10 Times WWE Asked You To Blindly Hate Foreigners
2. The Orient Express
The very worst example of WWE's flagrant marketing of blind mistrust towards East Asians, Pat Tanaka and Akio Sato's Orient Express unit was an act entirely predicated on ensuring American audiences thought Japanese people were low-down, sneaky cheats.
Sato and the Hawaiin-born Tanaka were brought in by the 'devious' Mr Fuji (because of course they were) in 1990, which was punishment enough considering the failure he was as a manager in storyline terms.
The first combo to use the panpipe/glockenspiel music that would be fused to every Japanese performer for the next half-decade, the company didn't remotely attempt to characterise them beyond their ethnicity.

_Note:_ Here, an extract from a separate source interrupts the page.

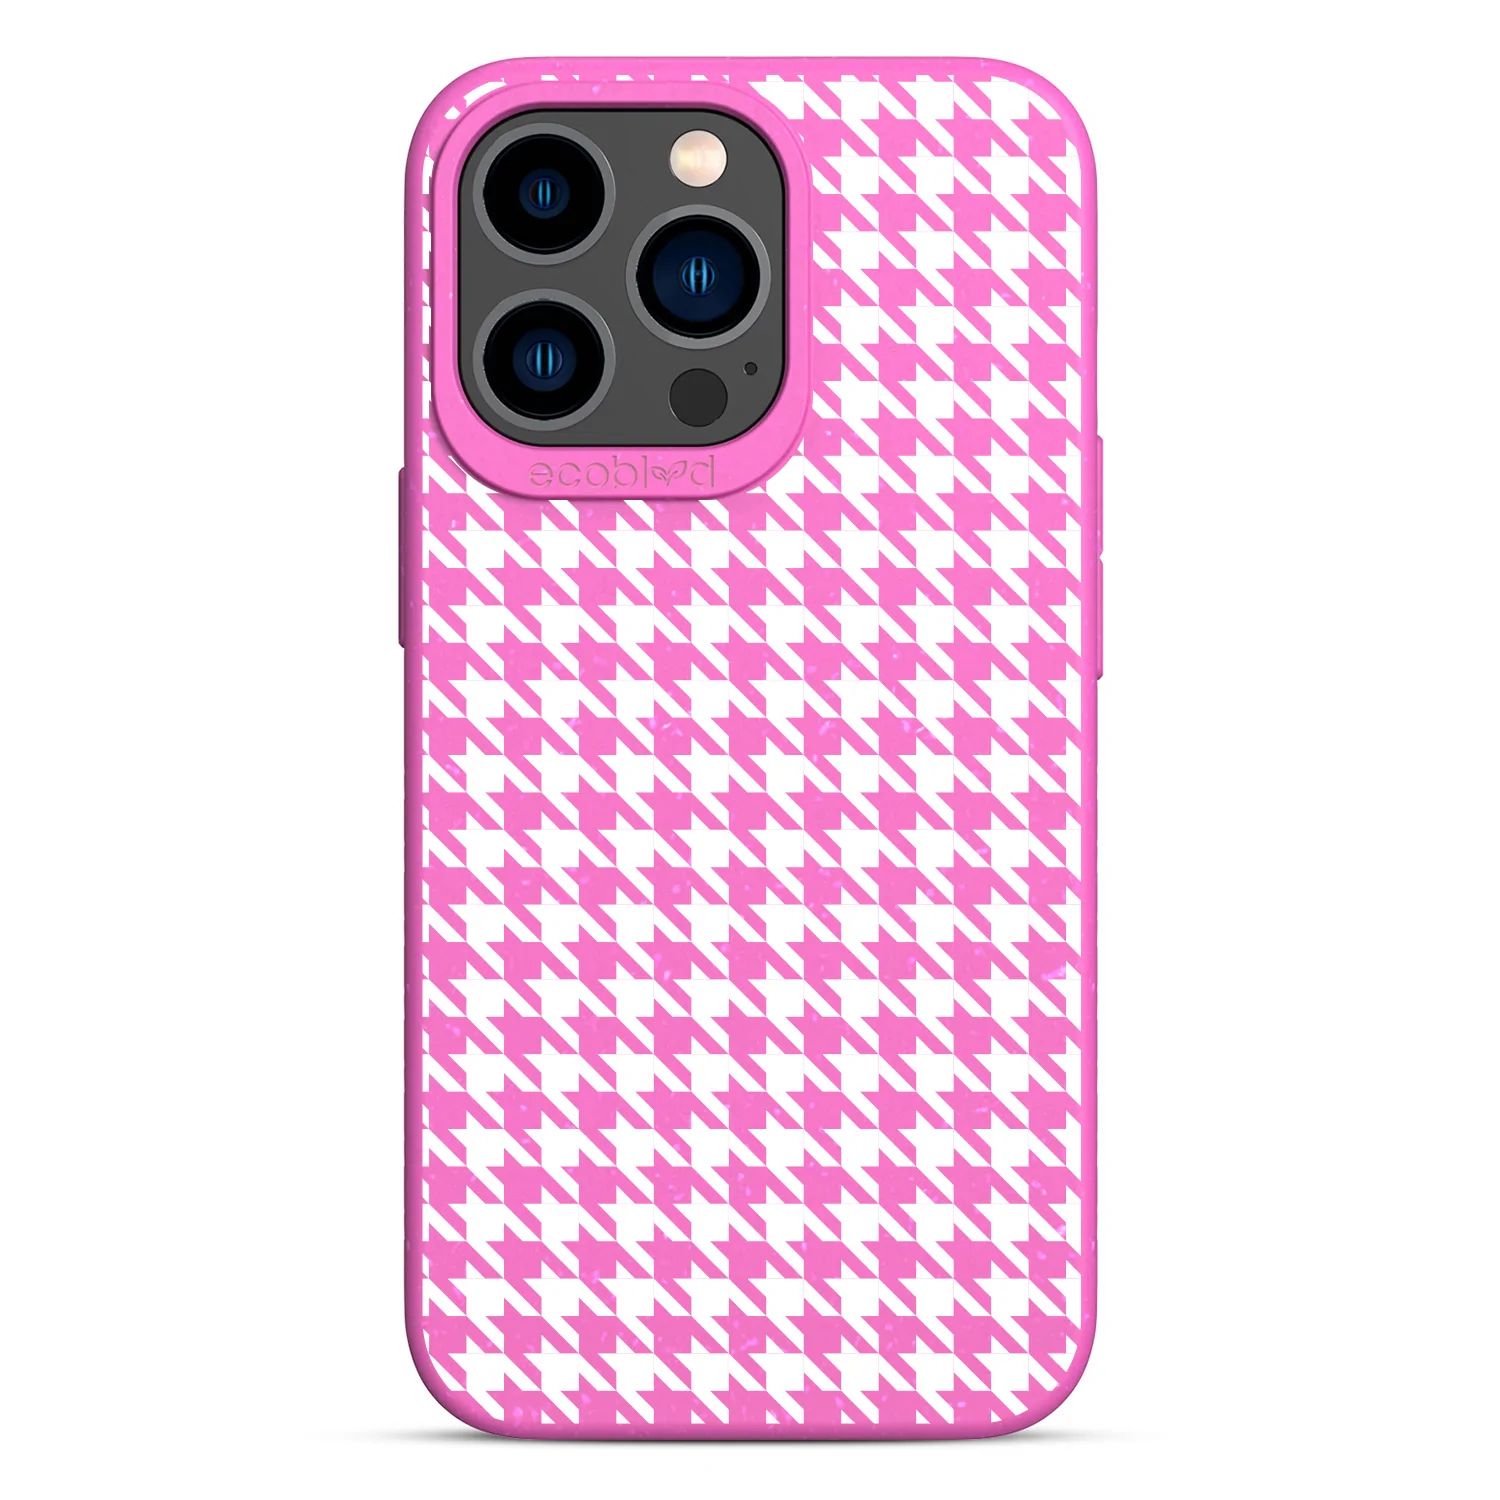 Houndstooth - iPhone 12 & 13 Pro Max Solid Case | EcoBlvd | EcoBlvd

Largely unsuccessful despite a count-out victory in their only WrestleMania appearance against The Rockers in 1990, the tandem were flattened by the rhetoric-spewing duo of Jim Duggan and Nikolai Volkoff at SummerSlam, before suffering demeaning elimination on Sgt Slaughter's racially-driven 'Mercenaries' Survivor Series team in a match watched by the first wave of troops stationed across the Middle East during the early stages of the Gulf War.
Sato's retirement shortly after reunited Pat Tanaka with former 'Badd Company' partner Paul Diamond, with the toned-down variant of the duo going on to earn huge plaudits for fabulous matches against The Rockers and New Foundation at the 1991 and 1992 Royal Rumbles respectively.